- _RECORD EXTRACTS_:
[Start of section]
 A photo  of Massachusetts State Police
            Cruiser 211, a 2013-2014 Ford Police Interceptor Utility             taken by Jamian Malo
[End of section]
[Start of section]
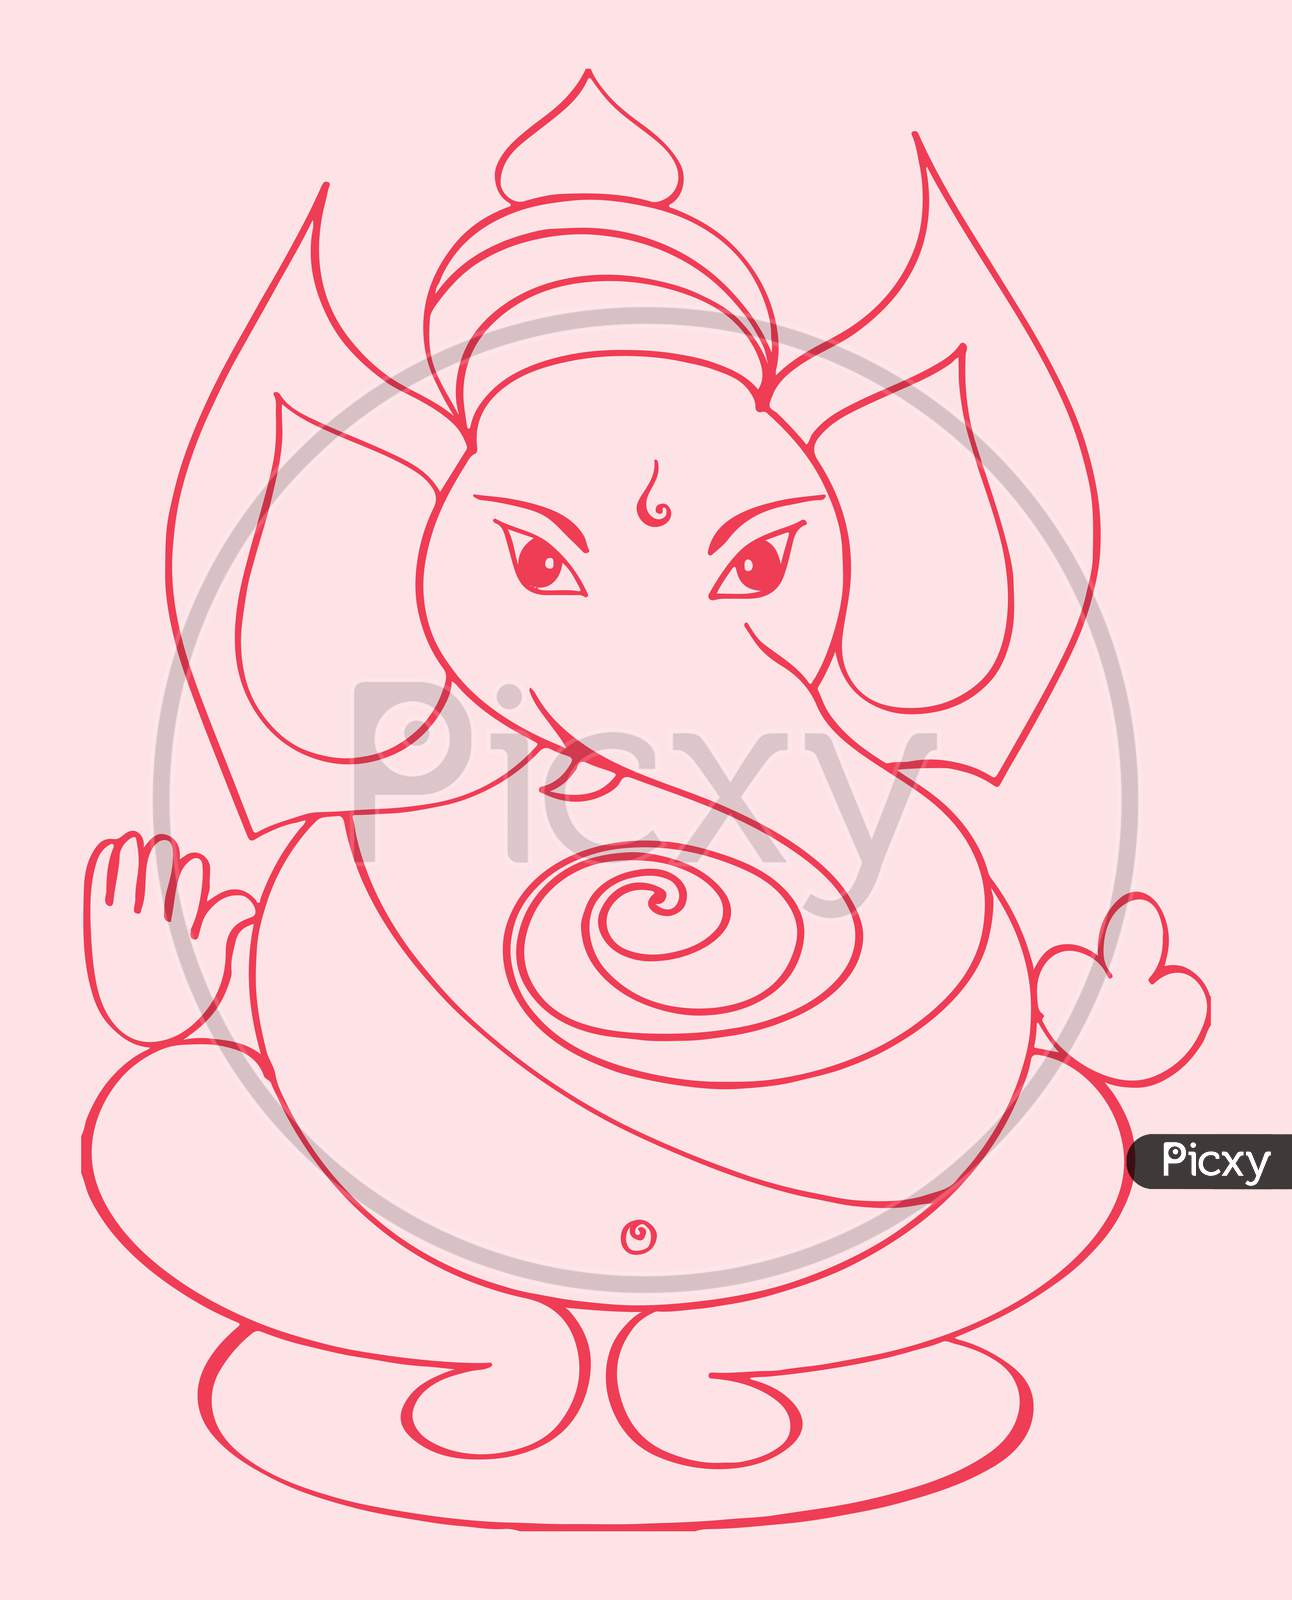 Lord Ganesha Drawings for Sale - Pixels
[End of section]
- _YOUR ASSIGNMENT_:
Copy out each line of the data above, exactly, if it lies between the line holding "Massachusetts State Police" and the line holding "Cruiser 211, a", inclusive; copy no other line.

- _REPLY TO THE TASK_:
 A photo  of Massachusetts State Police
            Cruiser 211, a 2013-2014 Ford Police Interceptor Utility             taken by Jamian Malo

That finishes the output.